Il cristiano sa, in almeno in teoria (molto, ma molto in teoria) di essere nel mondo, ma di non appartenere al mondo. Lo sa vagamene, come una lontana reminiscenza che ha perso tutto il suo smalto, se pure lo aveva, e che oggi gli riesce difficile da comprendere, ancor più difficile da accettare e far propria. Quando mai gli capita di udire il sacerdote, nella omelia della santa Messa, parlare in questi termini? E quando mai ode il vescovo o il (sedicente) papa esprimere questo concetto? Tutto al contrario; quel che ode in continuazione è una musica totalmente diversa: il mondo, come gliene parlano i suoi (sedicenti) pastori, è il solo luogo nel quale è possibile la sua esistenza; ed è un luogo che, pur essendo pieno di criticità, è pur sempre la sua patria, sulla quale è chiamato a vigilare con piena consapevolezza ecologica, ambientale, climatica e, ovviamente, sociale. Il mondo è questo, nella (falsa) catechesi di questi (falsi) pastori, e non ce n’è un altro: un luogo fisico, il solo luogo possibile nel quale si svolge la vita umana, dal principio alla fine; una realtà totalmente immanente, nella quale egli non solo è calato, ma deve calarsi sempre più; e nella quale non solo egli si sporca le mani (e, non di rado, la coscienza), ma deve sporcarsele sempre più, senza alcun pensiero per la purificazione, per la pulizia interiore, per la vita in grazia di Dio.
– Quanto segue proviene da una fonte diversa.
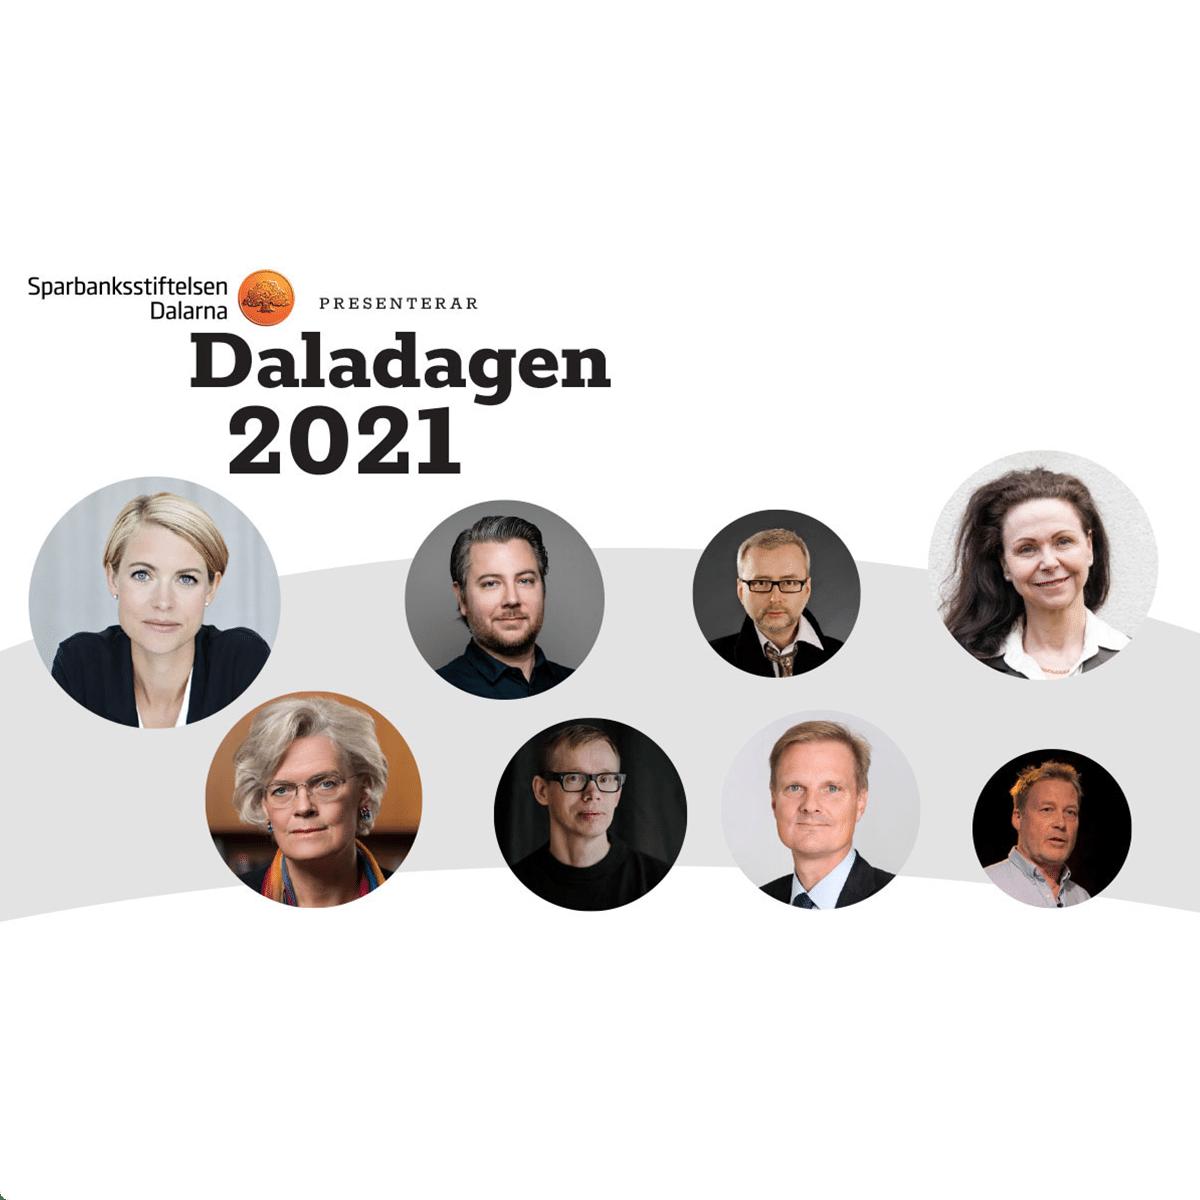 Daladagen 2021

E chi mai gli parla più della Grazia divina? Perché per parlare di questa, bisognerebbe parlare prima del peccato e della riconciliazione con Dio: ma chi parla più del peccato, sotto le volte della casa del Signore? Chi mai gli parla della sua anima immortale, del suo destino eterno, e della tremenda responsabilità di essere lui, proprio lui, con le sue azioni, con le sue scelte, a decidere l’alternativa tra l’inferno e il paradiso?
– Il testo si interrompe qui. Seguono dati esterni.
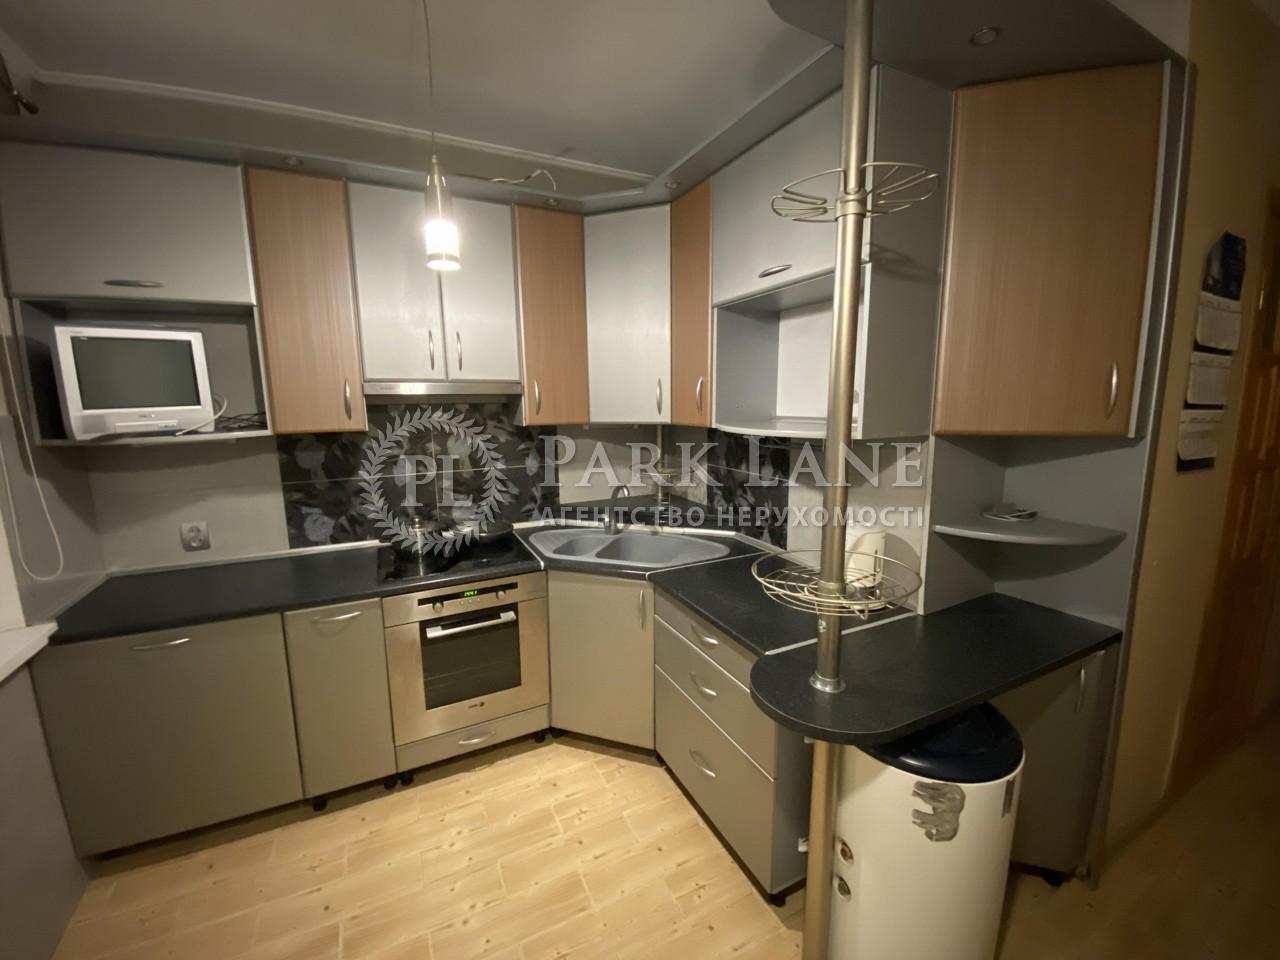 Квартира вул. Коласа Якуба, 23а, Київ, D-35891 - Фото 11

L’espressione «essere nel mondo, ma non del mondo», risale direttamente alla viva voce di Gesù Cristo, il quale, parlando ai suoi discepoli nell’imminenza del distacco, al termine dell’Ultima Cena, dice loro (Gv 17, 6-19):

^6^Ho manifestato il tuo nome agli uomini che mi hai dato dal mondo. Erano tuoi e li hai dati a me, ed essi hanno osservato la tua parola. ^7^Ora essi sanno che tutte le cose che mi hai dato vengono da te, ^8^perché le parole che hai dato a me io le ho date a loro. Essi le hanno accolte e sanno veramente che sono uscito da te e hanno creduto che tu mi hai mandato.

^9^Io prego per loro; non prego per il mondo, ma per coloro che tu mi hai dato, perché sono tuoi. ^10^Tutte le cose mie sono tue, e le tue sono mie, e io sono glorificato in loro. ^11^Io non sono più nel mondo; essi invece sono nel mondo, e io vengo a te. Padre santo, custodiscili nel tuo nome, quello che mi hai dato, perché siano una sola cosa, come noi.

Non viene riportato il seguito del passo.